In general it refers to making a function unusable, e.g. if you want to ban the use of dynamic allocation in a program you could "poison" the malloc function so it can't be used.

In the video he's using it in a more specific way, which is clear if you read the slide that is displayed when he talks about poisoning the function, which says "A way to force compile-time only?"

So he is talking about "poisoning" the function to make it uncallable at run-time, so it's only callable in constant expressions. The technique is to have a branch in the function which is never taken when called in a compile-time context, and to make that branch contain something that will cause an error.

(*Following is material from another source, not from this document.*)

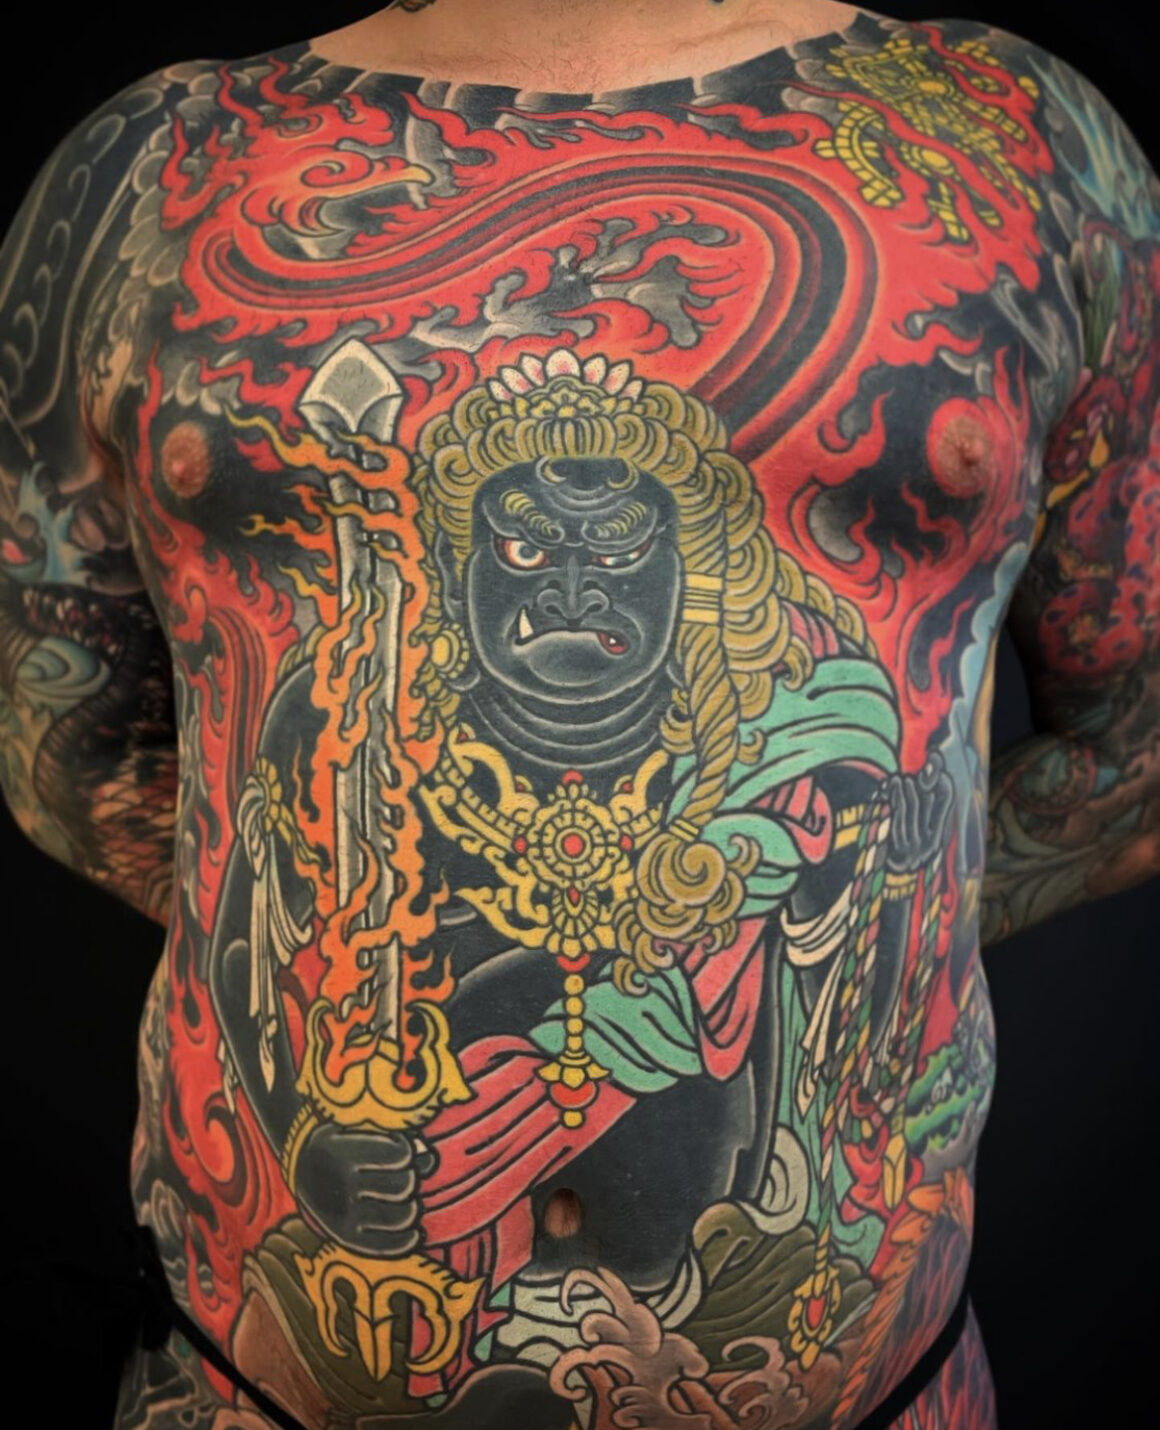 BUddha Back Piece Tattoo by DeMoniqueTattoo on DeviantArt
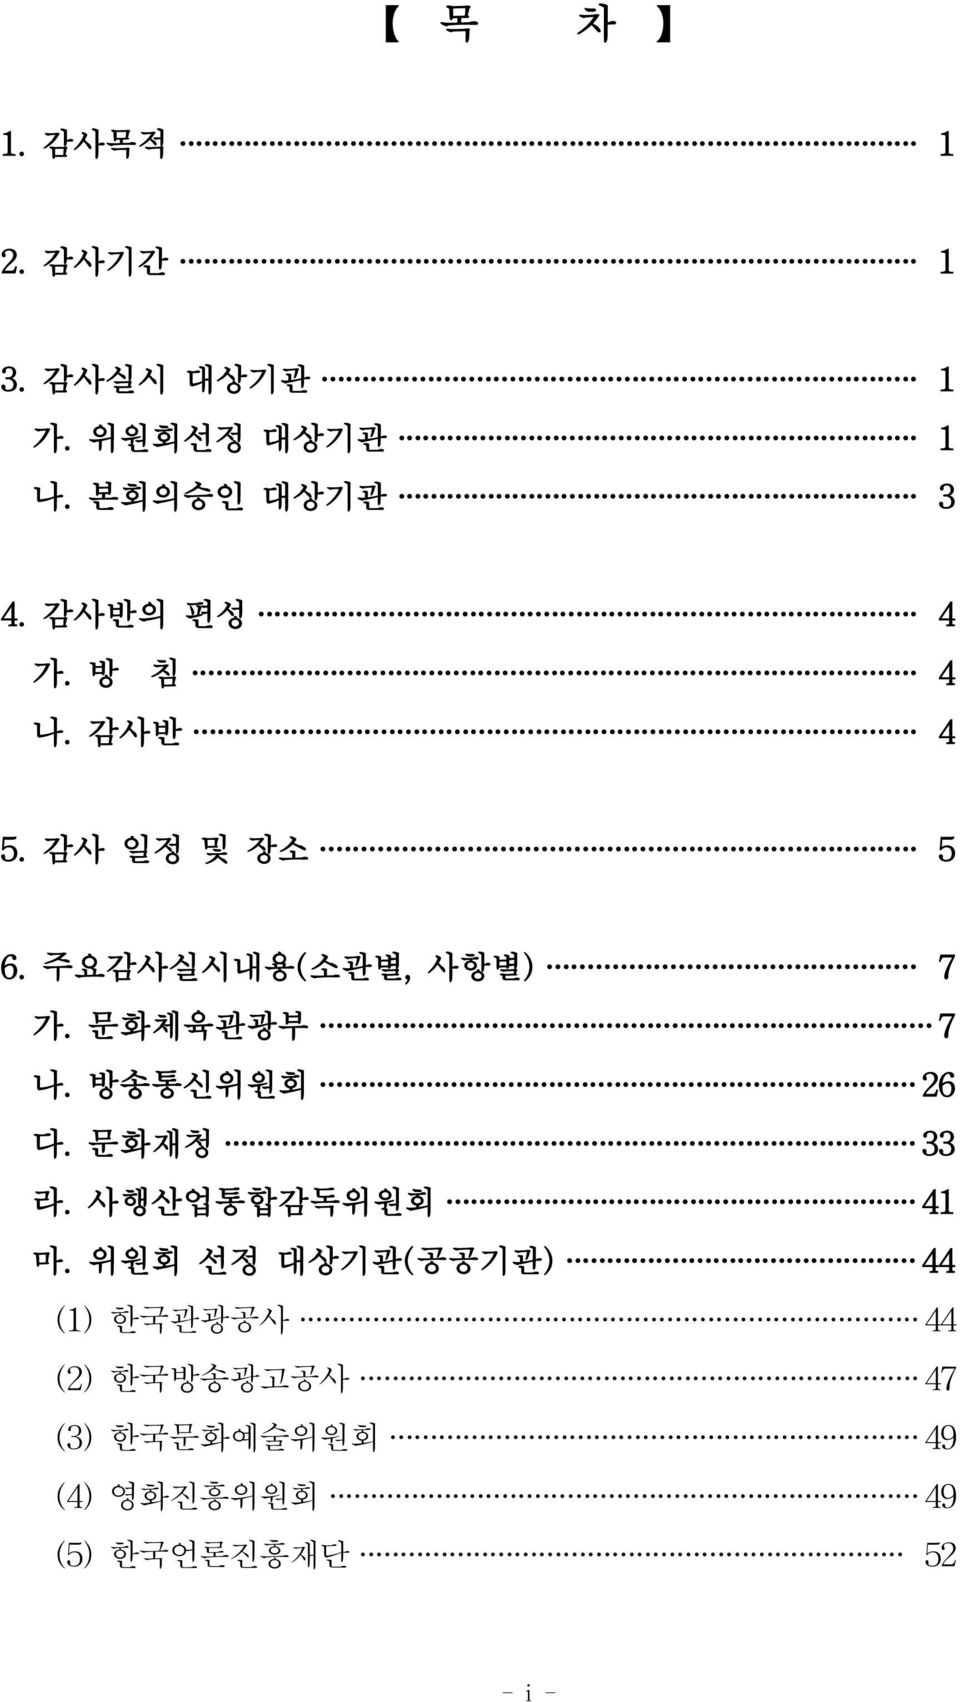 방송통신위원회 26 다. 문화재청 33 라. 사행산업통합감독위원회 41 마.

A throw expression is allowed in a constexpr function, as long as it is never reached during compile-time invocations of the function (because you can't throw an exception at compile-time, it's an inherently dynamic operation, like allocating memory). So a throw expression that refers to an undefined symbol will not be used during compile-time invocations (because that would fail to compile) and cannot be used at run-time, because the undefined symbol causes a linker error.

Because the undefined symbol is not "odr-used" in the compile-time invocations of the function, in practice the compiler will not create a reference to the symbol, so it's OK that it's undefined.

Is that useful? He's demonstrating how to do it, not necessarily saying it's a good idea or widely useful. If you have a need to do it for some reason then his technique might solve your problem. If you don't have a need for it, you don't need to worry about it.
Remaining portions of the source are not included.